Coronavirus and our shared vulnerability

What you need to know:

  • Rude reminder. This pandemic has provided a rude reminder of a most important and levelling fact but one we are quick to forget: we are all human beings. We all are shocked by unusual crises and are shaken by uncertain times.

In an instant, the world appears to be on its knees. Everything is uncertain and unsettling. A virus outbreak that started in the Far East is now literally in every corner of the world. It is a global pandemic.

It is not so much that coronavirus is deadlier, it is that it has struck fear of unimaginable proportions. We have had quite a few other health conditions and man-made actions that claim far more lives.

But the fact that the virus can travel so rapidly, from one end of the world to another, spread so quickly from Europe to America, engulf literally the whole world in just a few months and infect so many in hours, has occasioned fear and trepidation. The anxiety and panic unleashed by the coronavirus is simply unprecedented.

In the United States, nearly all public schools have swiftly closed. They are unlikely to open anytime soon. Most universities have had to shut down normal operations and shifted classes online, which comes with its own enormous constraints.

The stock market, a key indicator of the health of the American economy, has been plummeting as money speculators are unsure of what lies ahead. All these happening in a matter of days.

For the last few years, the US President has touted the American economy as being at its best strength ever in history. There are doubts as to whether this is, in fact, an accurate representation. Monthly job announcements were presented as testimony to a robust economy, powering forward and propelling prosperity.

The rallying stock market indices were another piece of evidence for a supposedly unstoppable and surging economy, overseen by a president who understands business and finance. Some sceptics remained unpersuaded, and for good reasons.

For one, majority Americans have continued to struggle to keep afloat, working two or three jobs at low wage rates, thus not able to comfortably meet their consumption needs let alone make cash savings. This means the slightest shock that leads to loss of a job instantly presents a crisis to one’s household and personal financial standing and wellbeing.

Now the coronavirus has put on the table a strenuous test for the robustness of the US economy. It is too early to tell. However, there are early signs of fragility and vulnerability.

This is not unique to the US. But it underscores a fundamental dynamic since America is considered the world’s most powerful State and nation, with the largest economy, most powerful military machinery, countless big-name research universities and arguably unrivalled concentration of scientific and technological expertise in a wide array of fields.

This pandemic has provided a rude reminder of a most important and levelling fact, but one we are quick to forget: We are all human beings. We are all shocked by unusual crises and are shaken by uncertain times.

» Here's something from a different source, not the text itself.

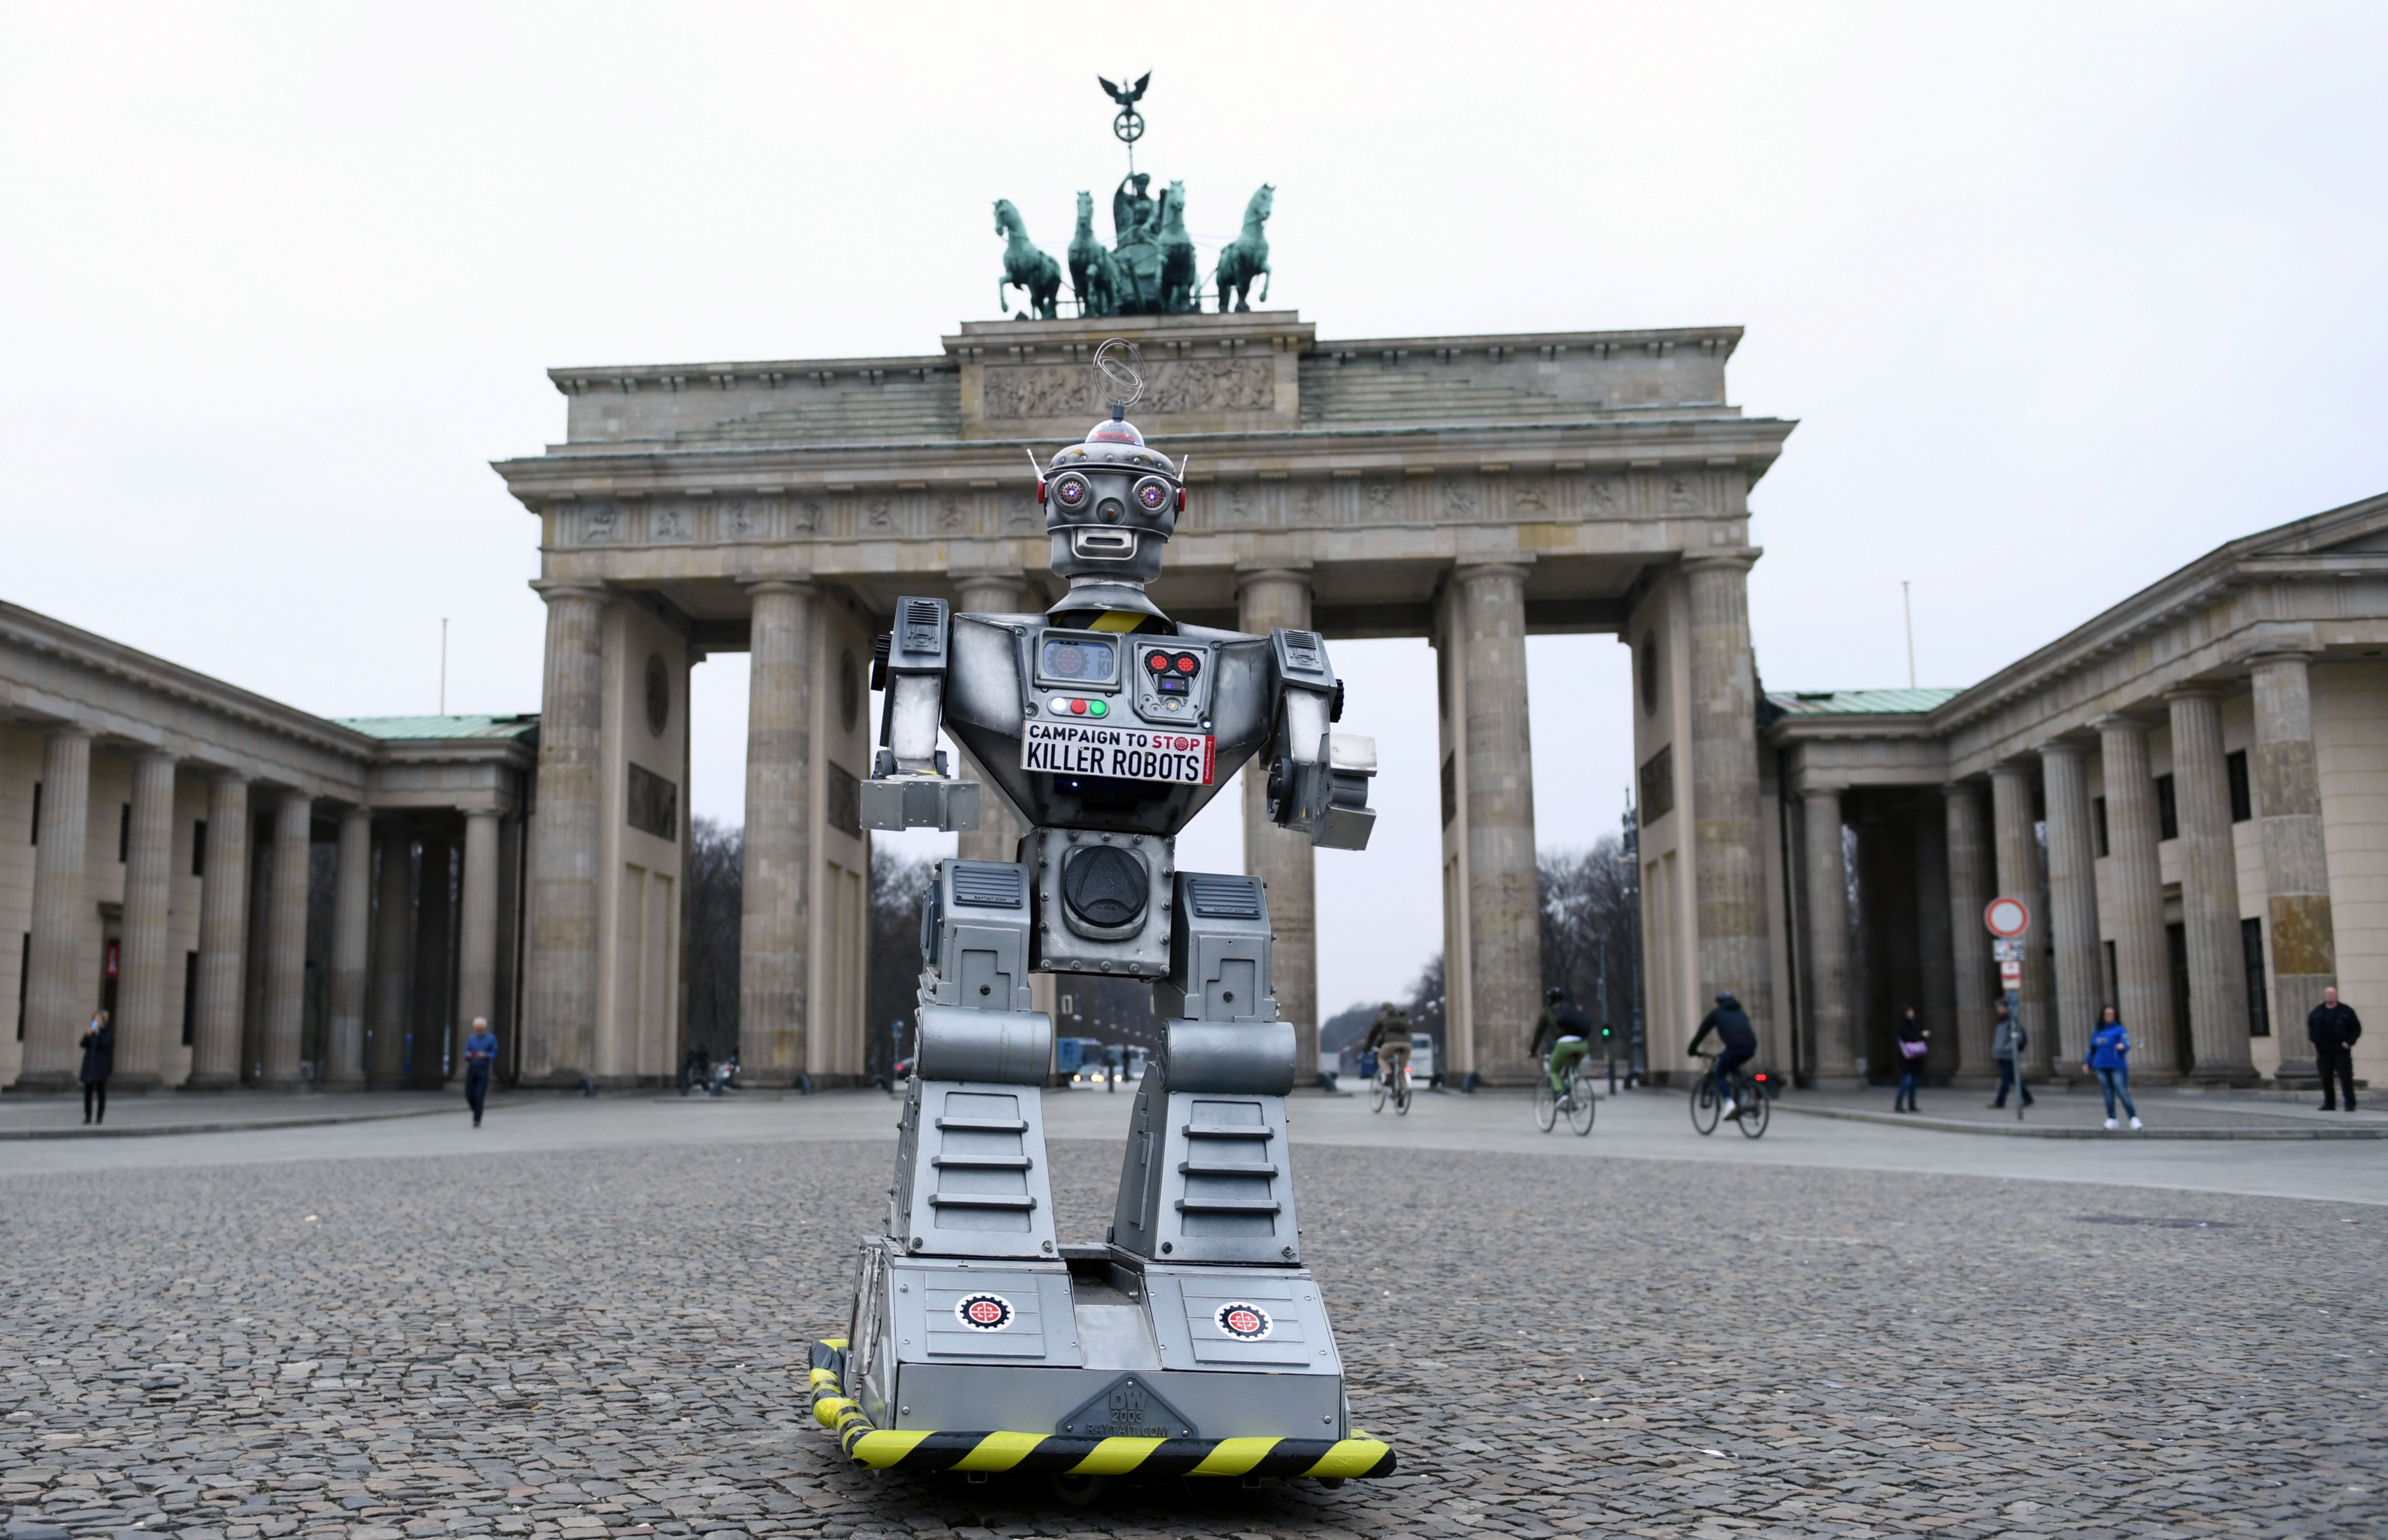 A robot is pictured as activists from the Campaign to Stop Killer Robots, a coalition of non-governmental organisations opposing lethal autonomous weapons or so-called 'killer robots', stage a protest at Brandenburg Gate in Berlin, Germany, March, 21, 2019. REUTERS/Annegret Hilse - RC1287E208A0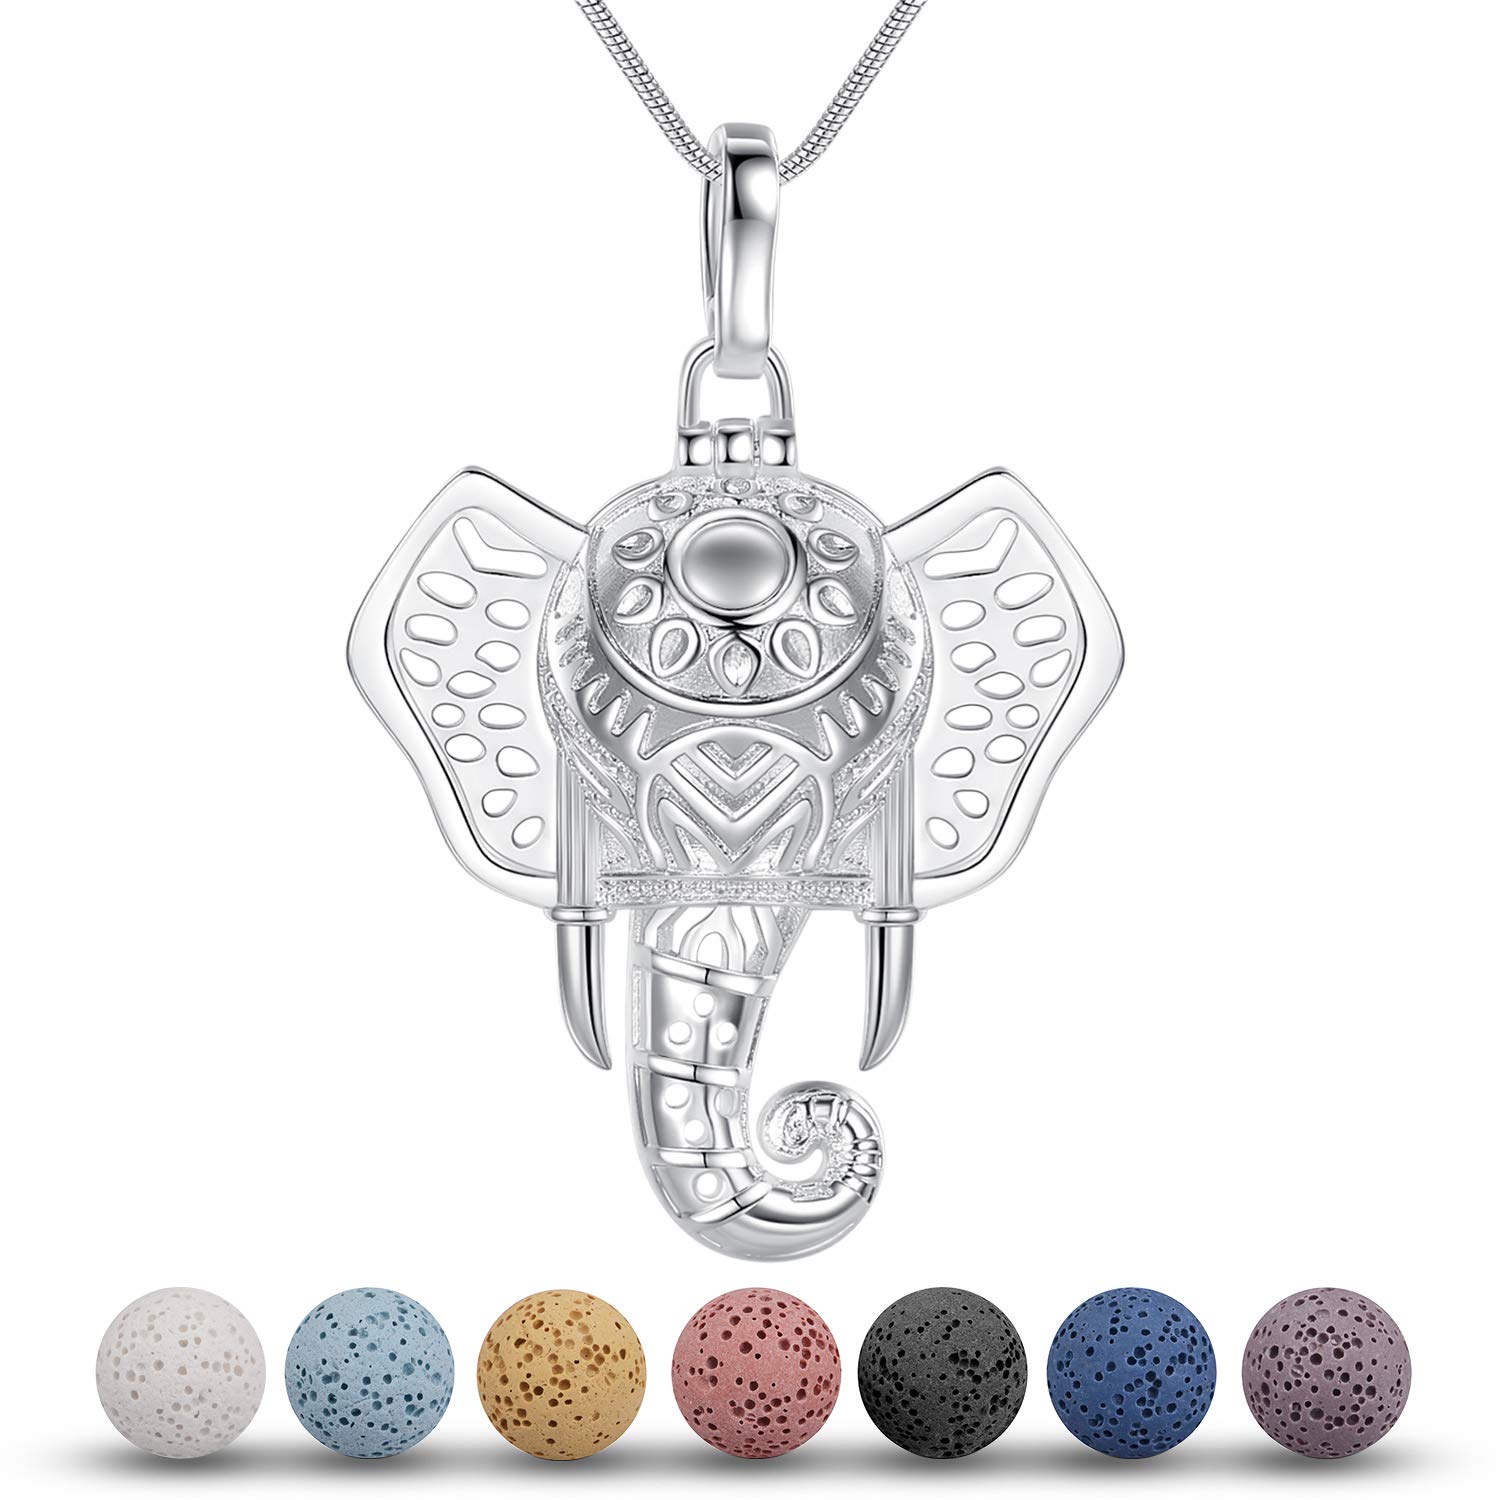 elephant-gifts-diffuser-necklace

Even scientists and experts may not know what is ahead and what to do.

Often, epidemics that visit untold suffering and anguish tend to be associated with the poor countries of the world, primarily Africa.

The Western media reports with unmeasured prejudice and unfiltered stereotypes about the impoverished who are hopeless and helpless as Ebola or cholera hacks them to death.

No sensitivity to the humanity of those people, no respect for their sociocultural values and no attempt to accord them the agency they deserve other than highlighting the saviour role of some Western aid workers.

The resilience of the poor gets cavalierly washed along with the ravages of the diseases afflicting them and the material inadequacies they grapple with.
None of this sort of sloppy, insensitive and unbridled way of presenting Africa, in fact caricaturing, is ever the default lens and frame used when talking about the problems germane to western societies.

It certainly has not been applied to any European country facing up to a pandemic for which it was least prepared. I have not seen the African media systematically and deliberately pick on the manner of panic and indiscretion as seen, for example, in stocking and hoarding essential supplies, to pillory people in the West as exuding a particular deficiency borne of their American or European sociocultural milieu or indeed their race for that matter.

This current global health crisis, hopefully, offers the opportunity to the whole world for sober reflection and the appreciation of the limits we all face as human beings, to appreciate our shared humanity that transcends race, creed and colour. No nation, however powerful, has easily stopped or simply ignore the coronavirus.

Khisa is assistant professor at North Carolina State University (USA).